Thursday, March 16, 2006

Scientists think protein in h5n1 bird flu is key to human to human mutation

A study published in March 16th’s online addition of the Journal Of Science by a research group led by Ian Wilson at the Scripps Research Institute said they have determined the structure of a key protein of the H5 bird flu virus.

The structure of this key protein reveals that certain mutations could ease the deadly virus spread among people.

This protein (hemagglutinin) attaches itself to different cell receptors in avian and human-type flu, which may explain why most bird flu viruses do not spread between humans, according to the researchers.
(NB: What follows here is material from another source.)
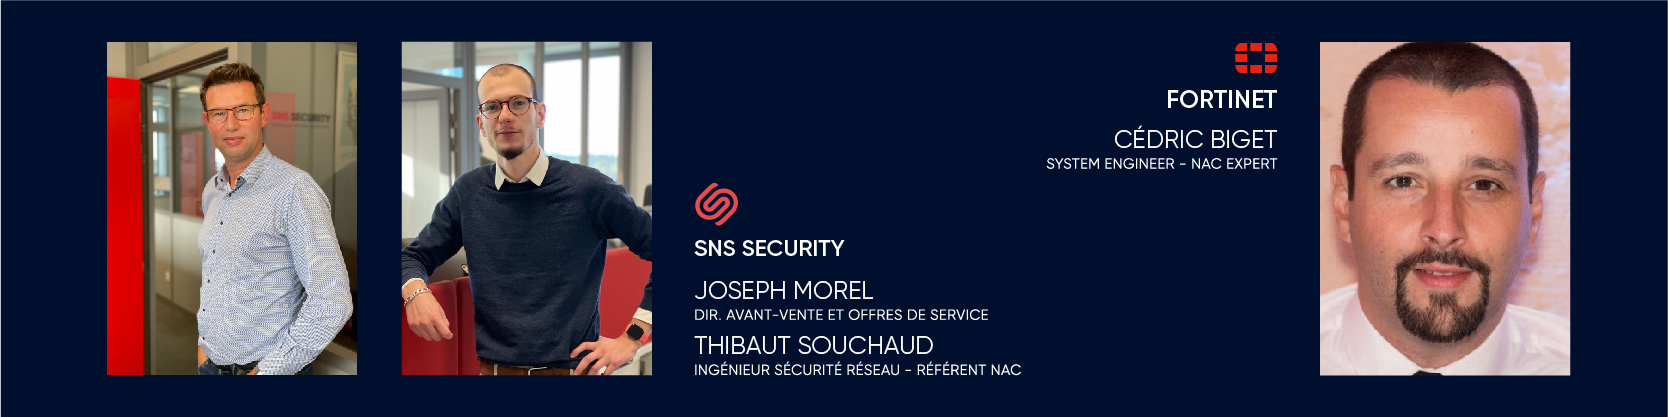 Rejoignez Joseph Morel (directeur avant-vente SNS SECURITY), Thibaut Souchaud (référent NAC SNS SECURITY) et Cédric Biget (NAC expert FORTINET).

The three known virus outbreaks 1918( Spanish Flu ), 1957 ( Asian Flu ) and 1968 ( Hong Kong Flu ), were caused after the hemagglutinin(the key protein in question), of these viruses became adapted to the human population. 
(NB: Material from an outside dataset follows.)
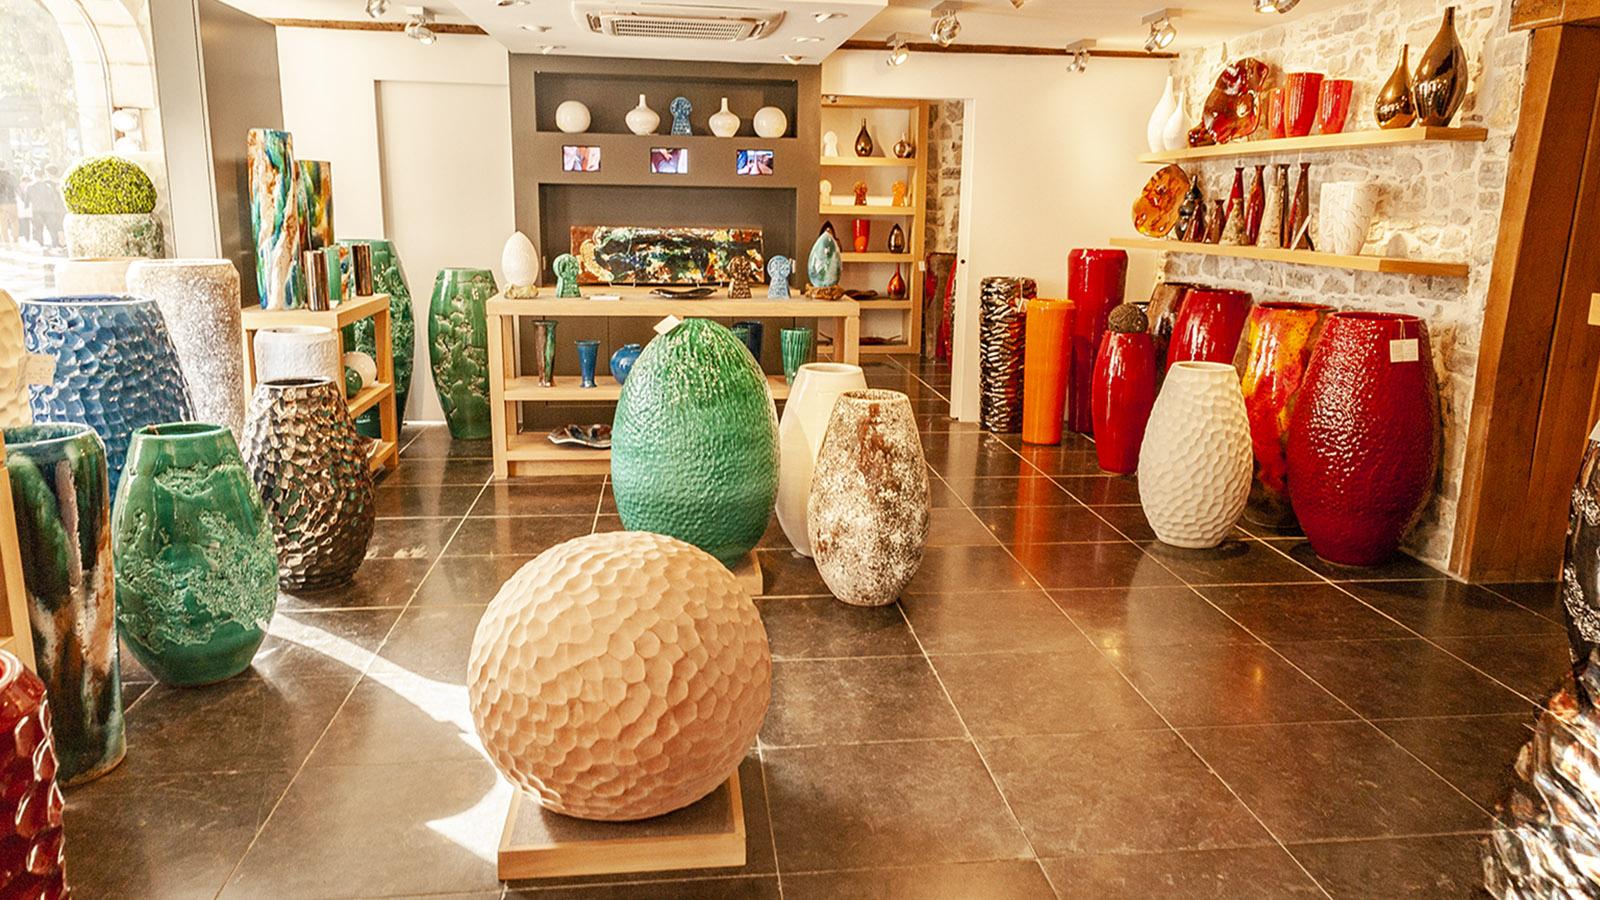 Saint-Jean-de-Luz: Giantisch - die Keramiken von Goicoechea

Although hemagglutinin of the H5 virus looked very similar to the H1N1 virus (Researchers believe this caused the 1918 Spanish flu) , these mutations do not cause the bird flu virus to prefer a human receptor, the researchers found.

However, the researchers noted that some of these mutations may make the H5 bird flu virus hemagglutinin more likely to bind to human lung epithelial cells, providing a possible “foothold” for the virus in the human population.

“Thus, such mutations provide one possible route by which H5 viruses could gain a foothold into the human population,” they said.